PEKS schemes have first been formalized and constructed by Boneh et al.. But with one exception, no known construction of a PEKS scheme supports the decryption of ciphertexts. That is, known constructions allow to *test* for a certain message, but they do not allow to *retrieve* the message, even when having the full secret key. Besides being somewhat unnatural for an encryption scheme, this ``no-decryption''-property also limits the applicability of a PEKS scheme. The one exception, a PEKS scheme with decryption due to Fuhr and Paillier, is formulated in the random oracle model, and inherently relies on the statistical properties of the random oracle. In fact, Fuhr and Paillier leave it as an open problem to construct a PEKS scheme with decryption in the standard model.
In this paper, we construct the first PEKS scheme with decryption (PEKSD scheme) in the standard model. Our sole assumption is an anonymous IBE scheme. We explain the technical difficulties that arise with previous attempts to build a PEKS scheme with decryption and how we overcome these difficulties.

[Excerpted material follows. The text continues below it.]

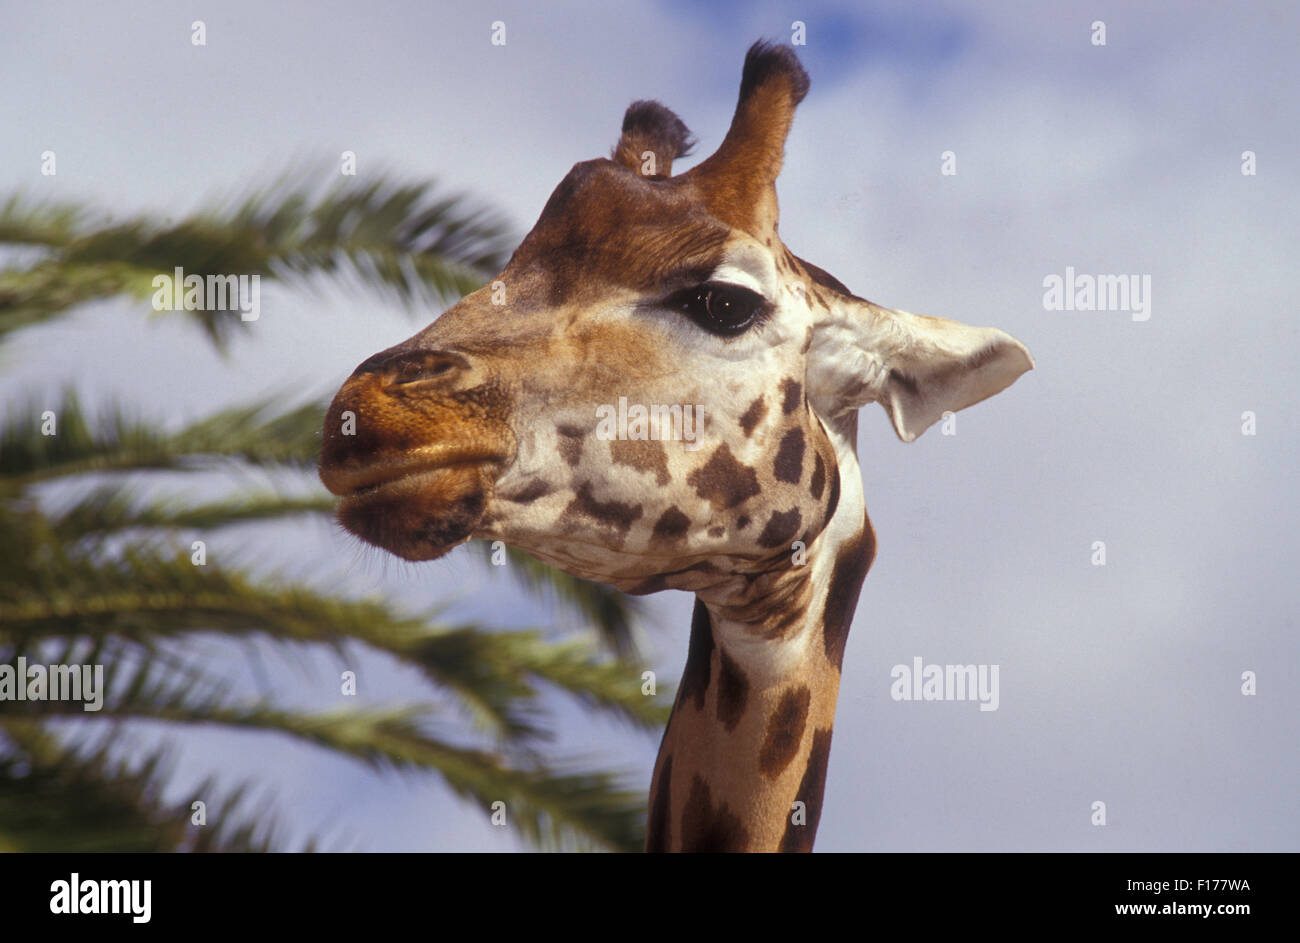 Head shot of a giraffe, Taronga Park Zoo, Sydney, NSW, Australia Stock Photo

Technically, we isolate a vital additional property of IBE schemes (a property we call *well-addressedness* and which states that a ciphertext is tied to an identity and will be rejected when trying to decrypt with respect to any other identity) and show how to generically achieve it.
Our construction of a PEKSD scheme from an anonymous IBE scheme provides a natural example of a *non-shielding* construction (in which the decryption algorithm queries the encryption algorithm). Gertner et al. have shown that an IND-CCA secure public key encryption scheme cannot be constructed and proven from an IND-CPA secure scheme in a black-box and *shielding* way. However, our results give evidence that encryption queries in the decryption algorithm may well prove useful in a security reduction.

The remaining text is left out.